Women who are accepted into the program must have successfully
completed a treatment program and must stay sober to remain a
resident. Each client pays a third of her monthly pay to stay there.

She's been there ever since, working on recovery, working on
rebuilding a life that came unraveled.

These days, she works full-time as dining room supervisor at
Farrington Court Retirement Community.

She is saving to buy a house through an Individual Development
Account, a program that matches $2 to $3 for every dollar a client
saves toward owning a home, starting a business or going back to school.

Someone gave her a car recently.

Honesty has its benefits

``What happened to me was nobody's fault but my own, I know that,''
said Constable, who regularly attends the River of Life Fellowship in
Renton.

Each morning, she eats her breakfast -- usually pancakes -- in the
common room at Titusville.

A sign there reminds her of the course she's charted for her
life.

``It says: `Honesty is being truthful to others, is being truthful to
myself, is doing what is right regardless of who's around, is being
someone others can trust,''' she said.

``I see it every day.''

New church lends a holiday hand

KENT -- They're members of a church so new it doesn't even have a
name.But that didn't keep Pastor Brian Hope and other members of the
congregation from pitching in to bring holiday cheer to women
recovering from drug addiction.

Last week, the church served a holiday meal -- pork tenderloin
complete with garlic mashed potatoes, roasted vegetables and poached
pears -- to residents of Titusville, a transitional housing program
for single women.

Participants in the program have to have successfully completed drug
treatment and have to stay sober.

Hope said the congregation, which has about 30 members, learned about
Titusville while using space at the small mall.

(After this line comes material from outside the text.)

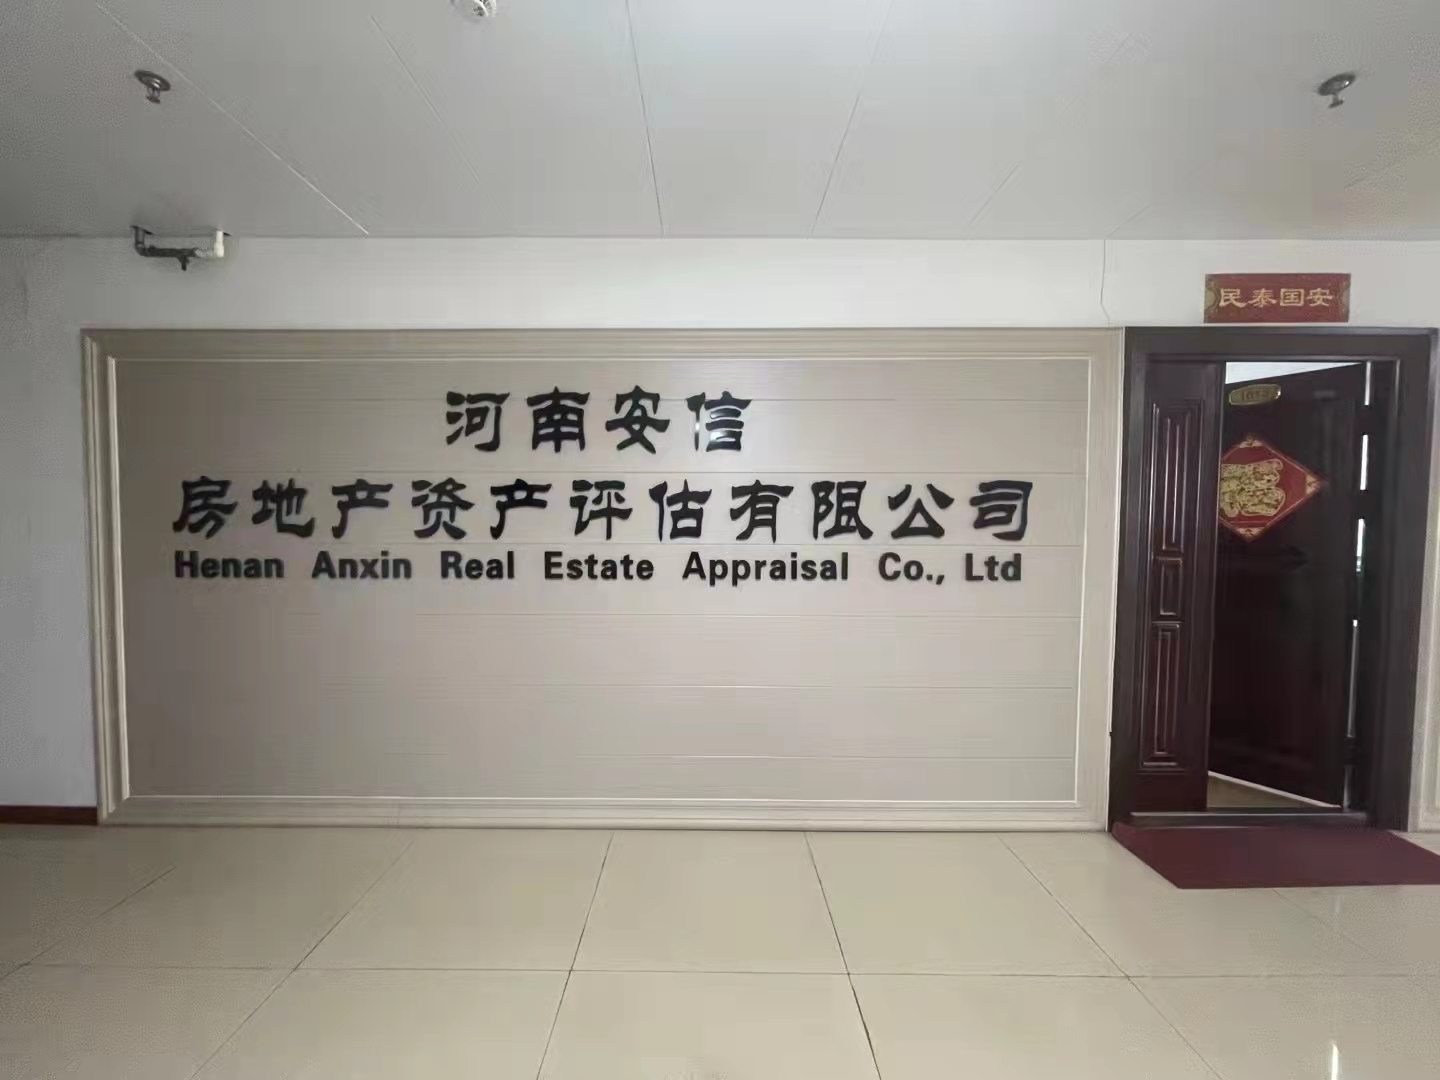 河南安信房地产资产评估有限公司

``One of the gals from the Multi-Service Center told me the upstairs
was basically women in transition,'' Hope said. ``I thought, What an
incredible opportunity for us to be the expression of Christ's love in
their lives.''

Traci Krieg, case manager for the program, was enthused when Hope
called. In the past, she'd organized a holiday dinner and brought
turkey while the women provided extra dishes.

This time, the church offered to provide the dinner -- as well as
gifts for the children of women in the program. That was huge, she
said.

``Many of the women have children, but since this is a program only
for single women, their children are either in foster care or living
with relatives while their mothers try to get their lives back
together,'' Krieg said.

The holidays can be an especially tough time for those in recovery,
she said.

``For most people, the holidays are a time of celebration and a time
spent with family,'' Krieg said. ``However, for the women in this
program it tends to be a reminder of the family and relationships they
have lost due to their addiction.''

It's especially hard on women who have severed relationships with
their children due to drug use, she said.